Records from a data collection
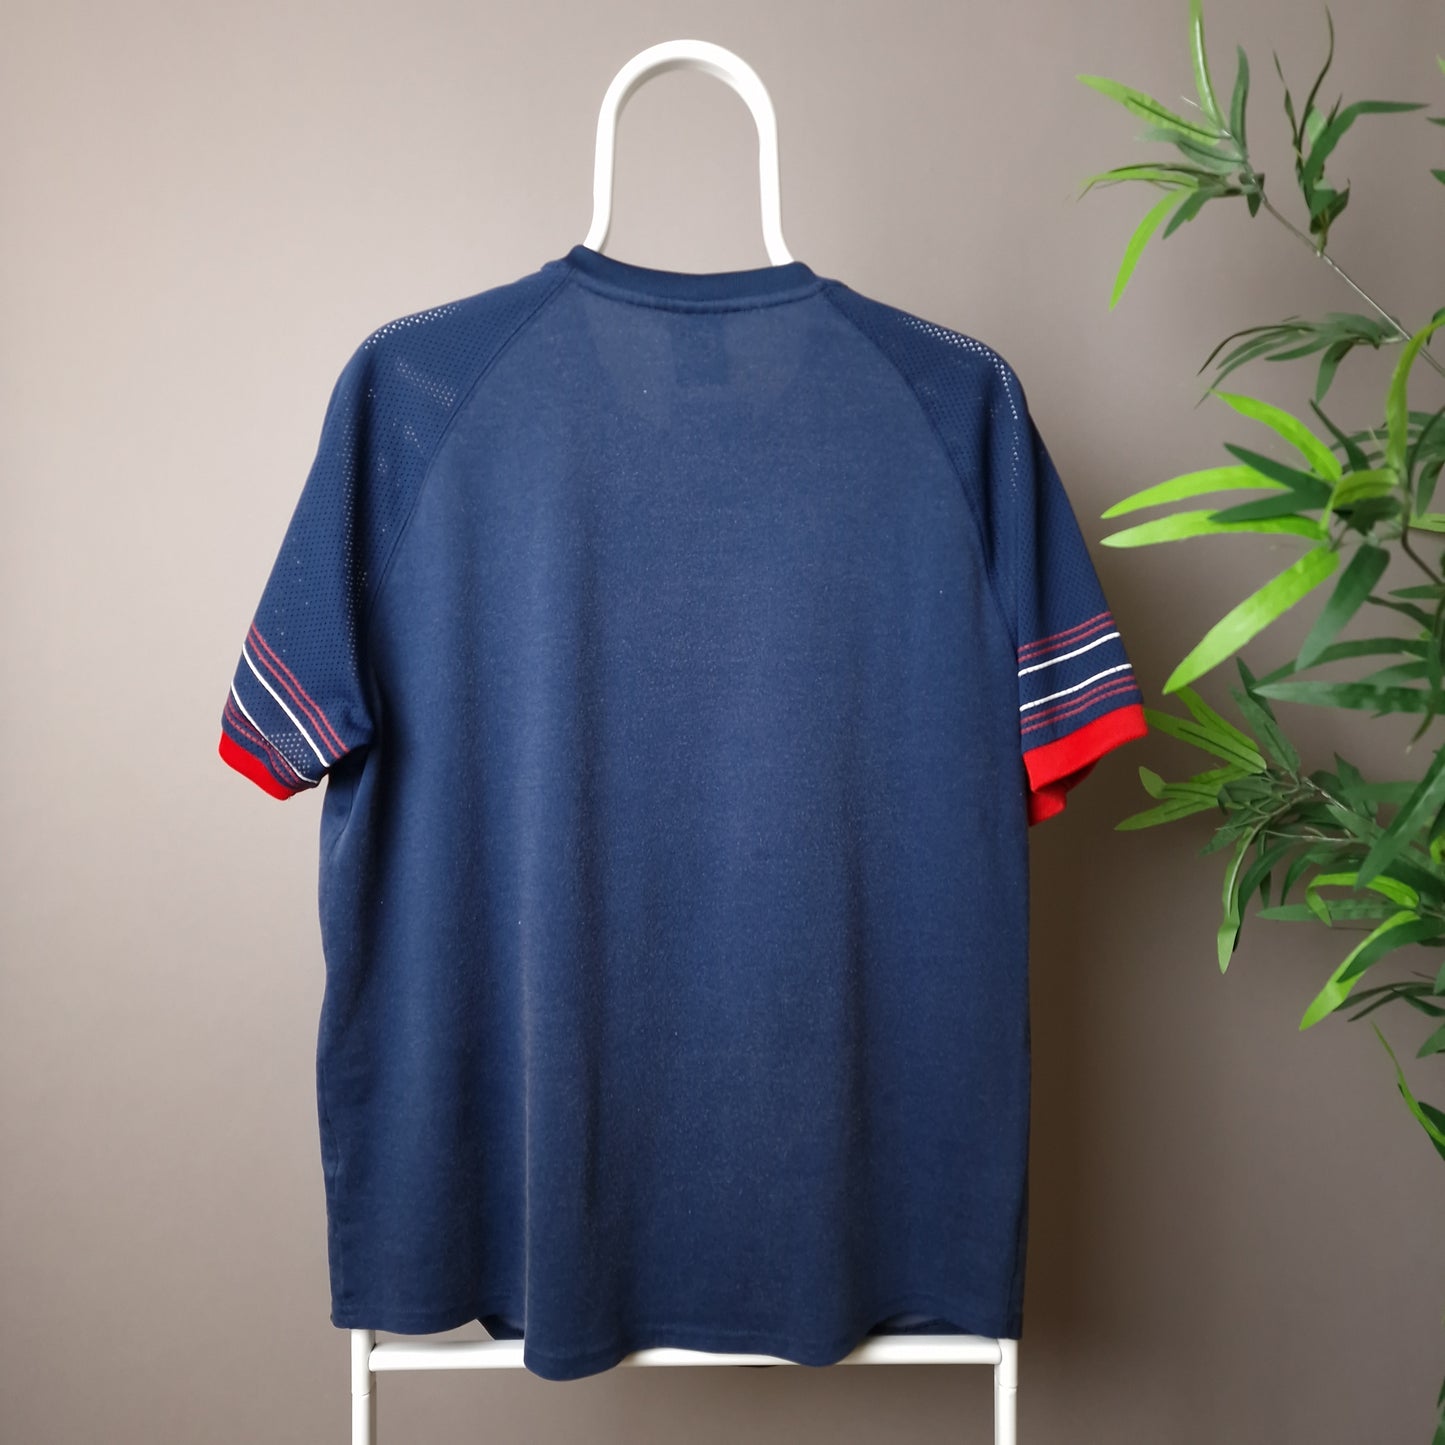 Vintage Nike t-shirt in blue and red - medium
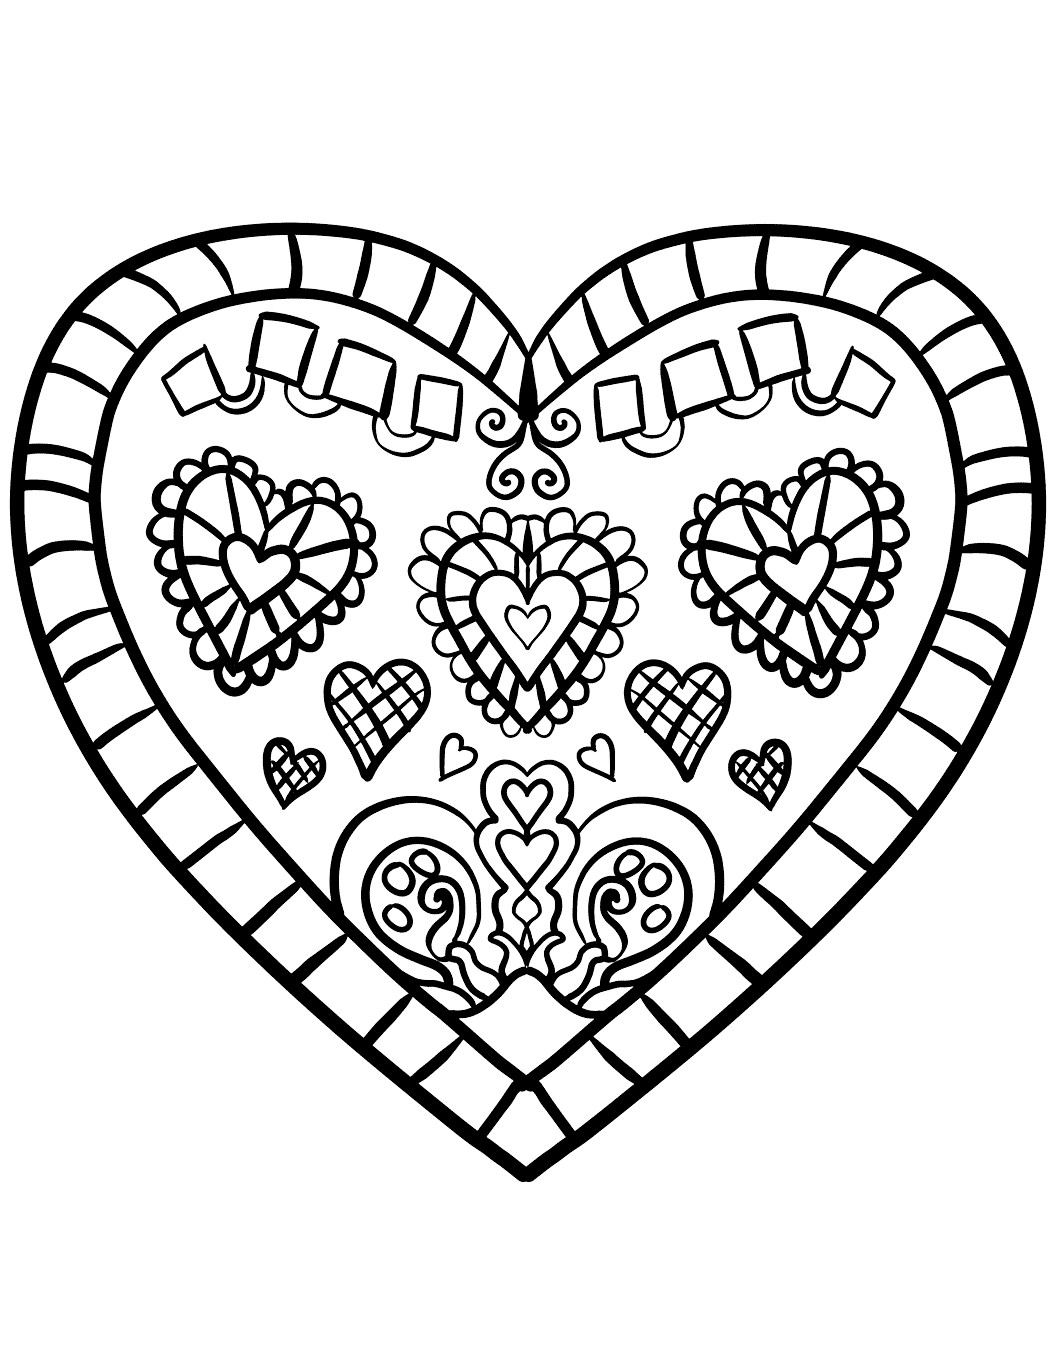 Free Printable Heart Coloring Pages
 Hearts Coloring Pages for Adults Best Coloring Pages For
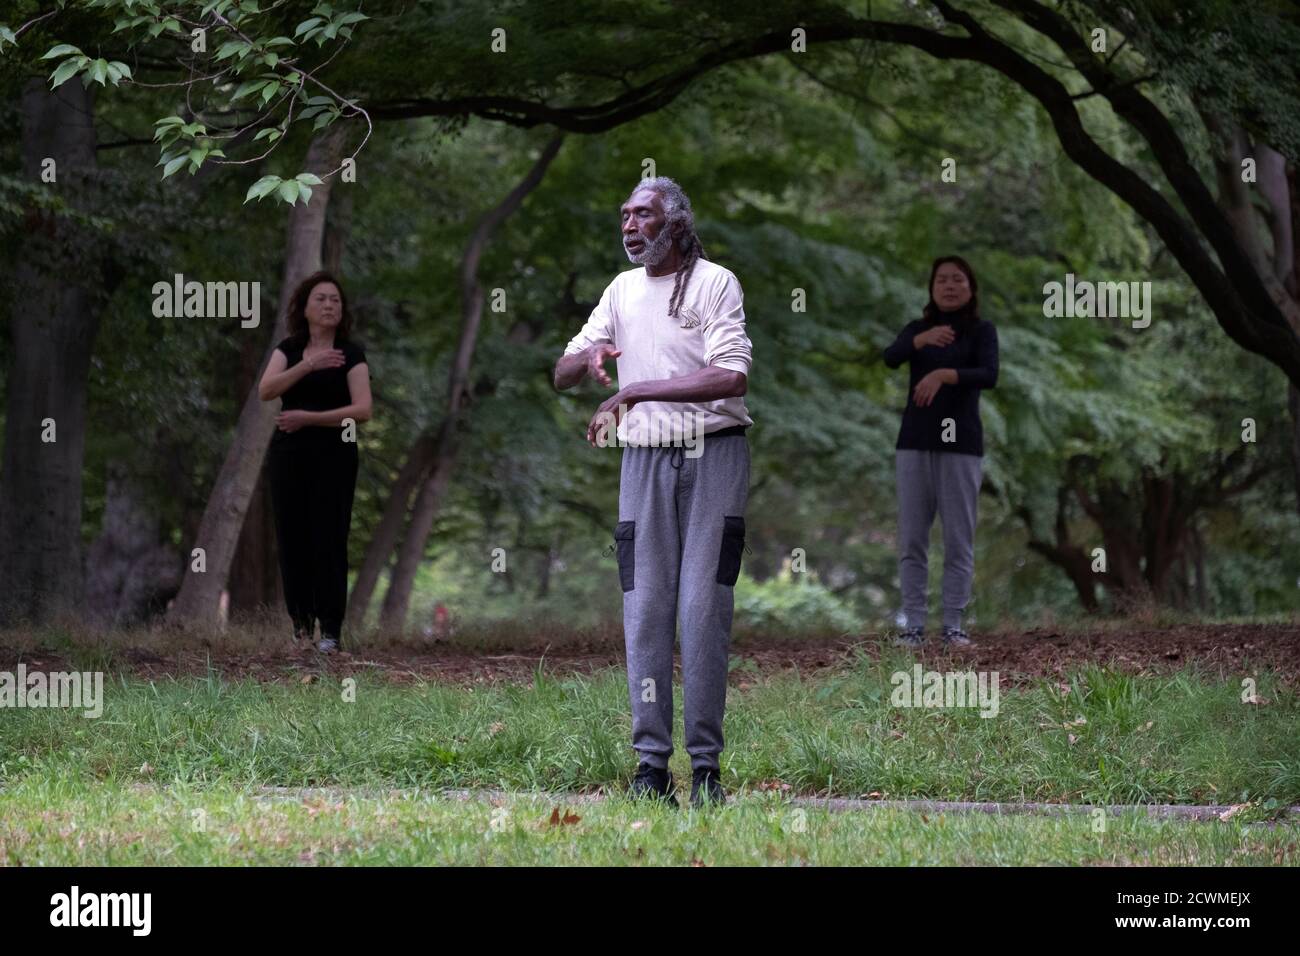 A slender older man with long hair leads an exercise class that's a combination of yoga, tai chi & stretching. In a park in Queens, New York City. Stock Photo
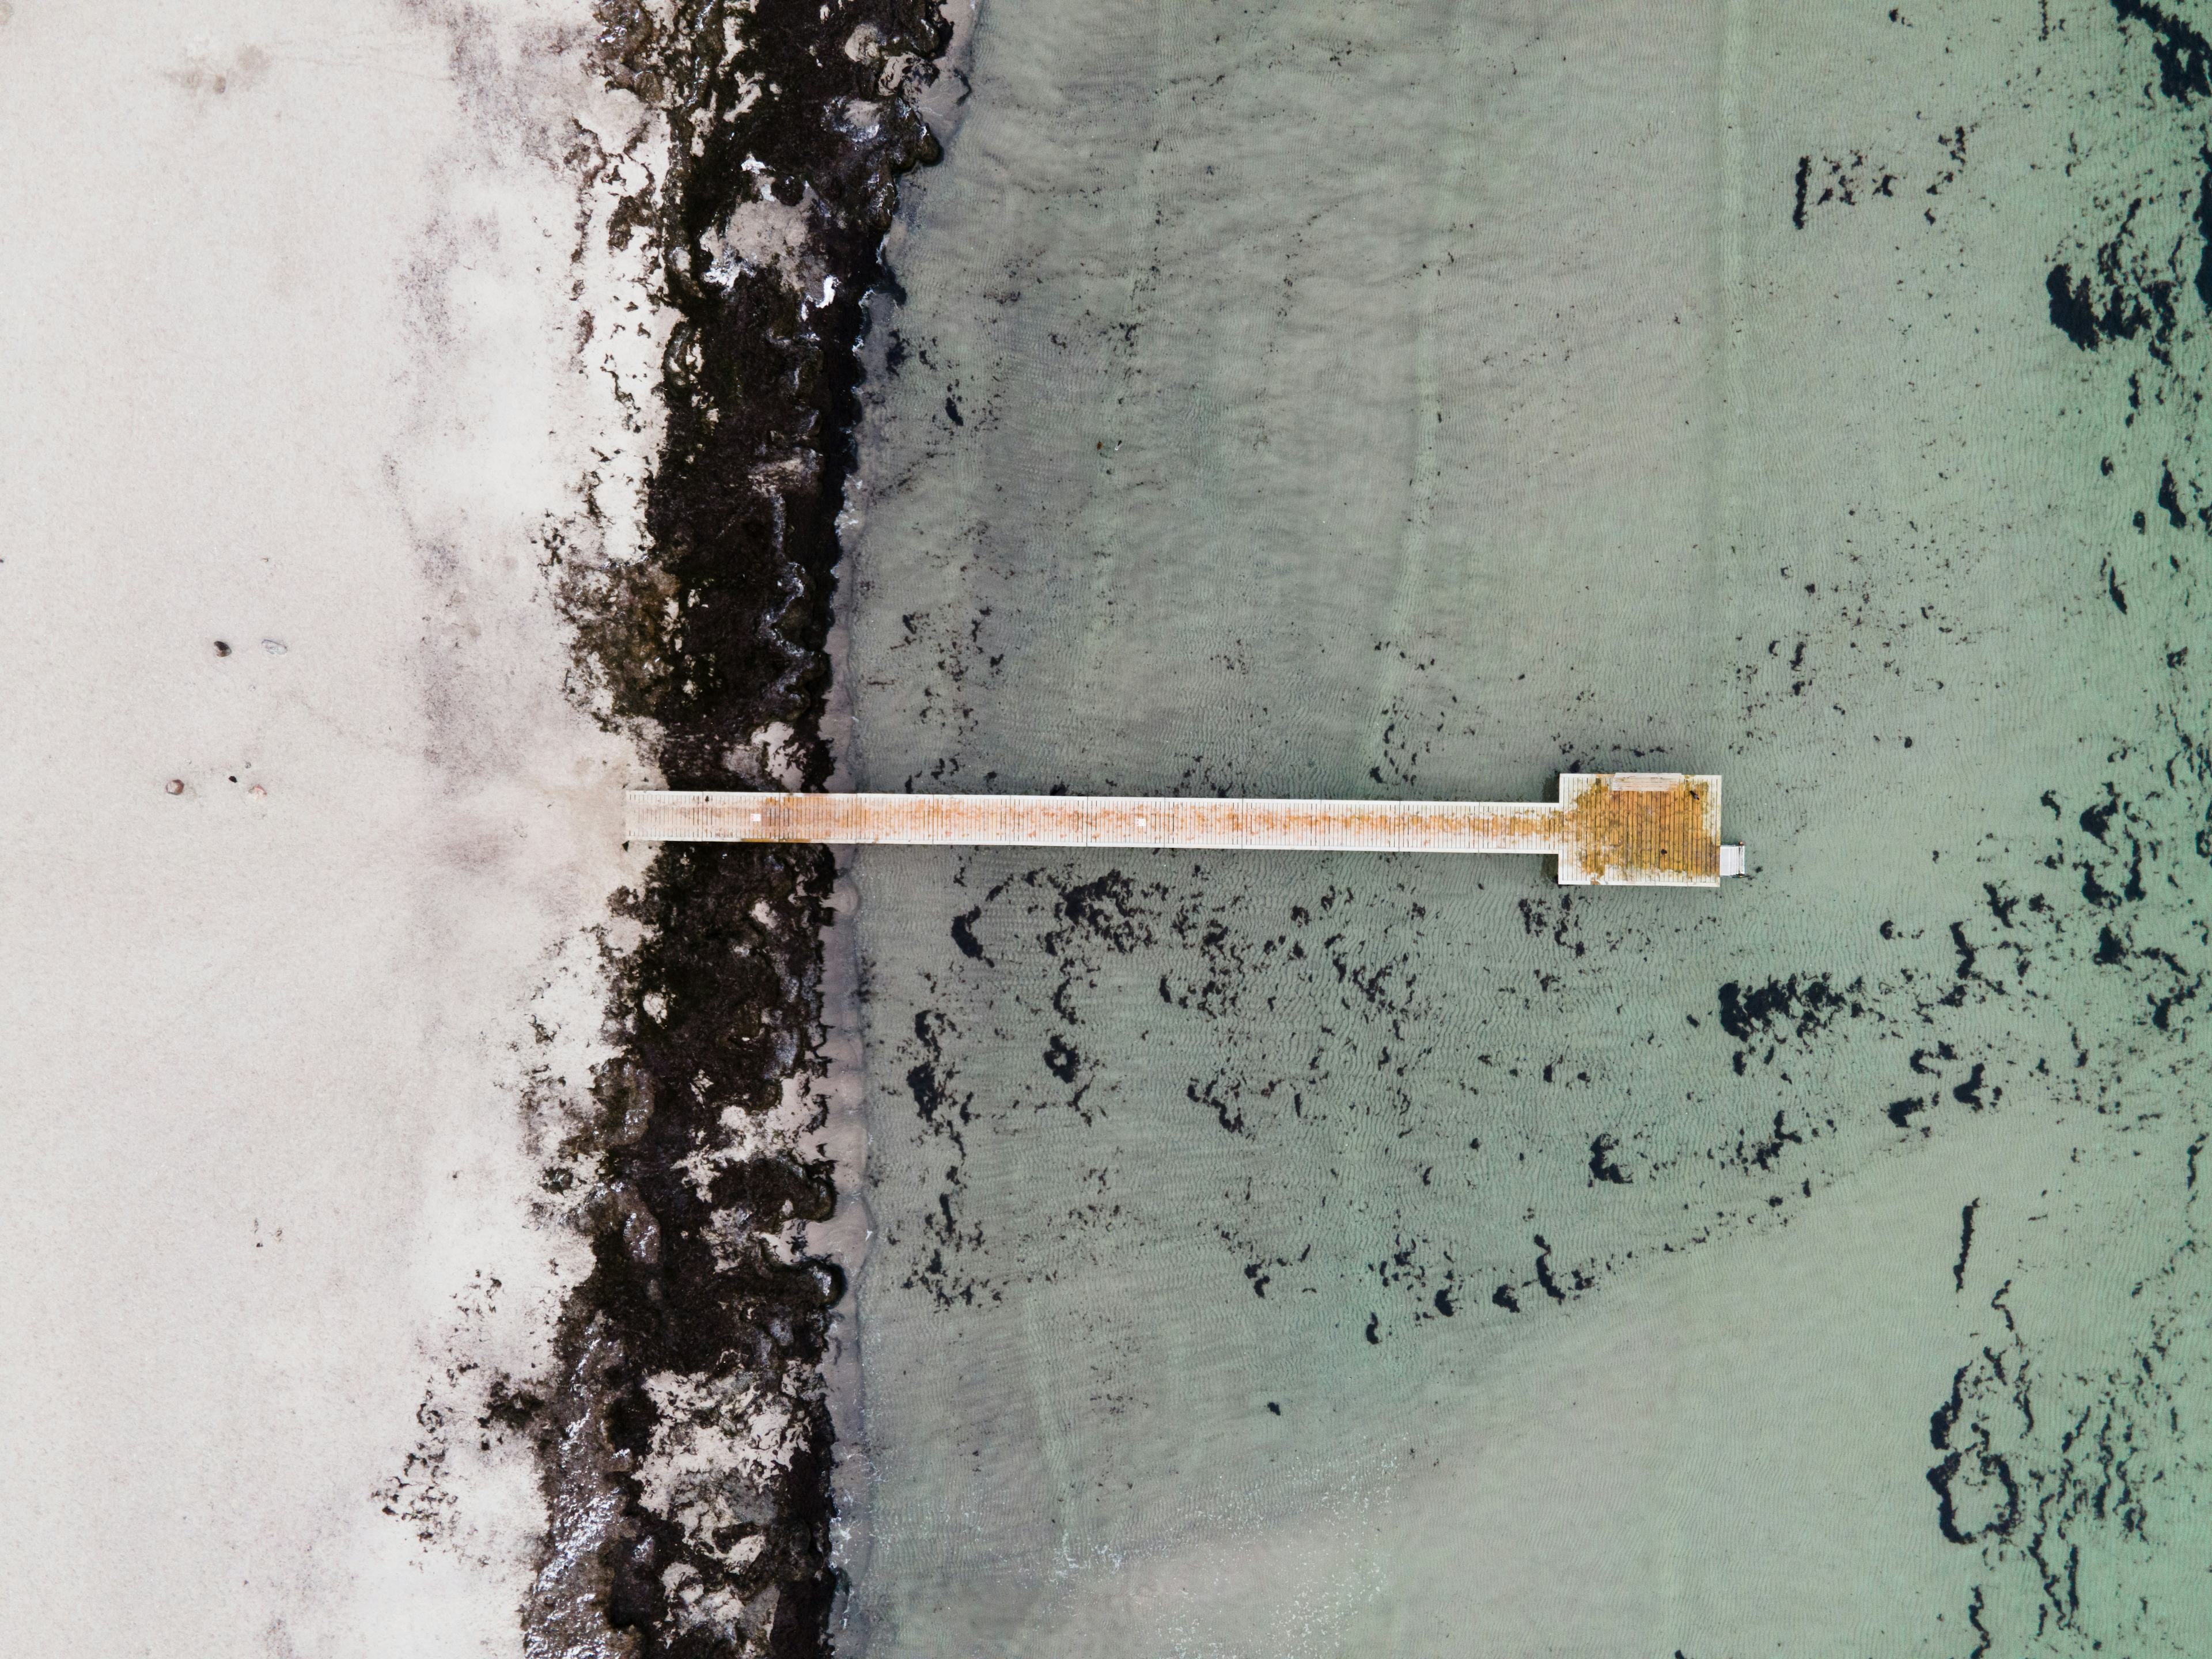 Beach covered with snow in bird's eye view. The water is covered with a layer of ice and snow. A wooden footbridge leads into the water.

TASK DIRECTIONS: Return all the data exactly, pictures omitted.

SOLUTION TO THIS TASK:
 Vintage Nike t-shirt in blue and red - medium
 Free Printable Heart Coloring Pages
 Hearts Coloring Pages for Adults Best Coloring Pages For
 A slender older man with long hair leads an exercise class that's a combination of yoga, tai chi & stretching. In a park in Queens, New York City. Stock Photo
 Beach covered with snow in bird's eye view. The water is covered with a layer of ice and snow. A wooden footbridge leads into the water.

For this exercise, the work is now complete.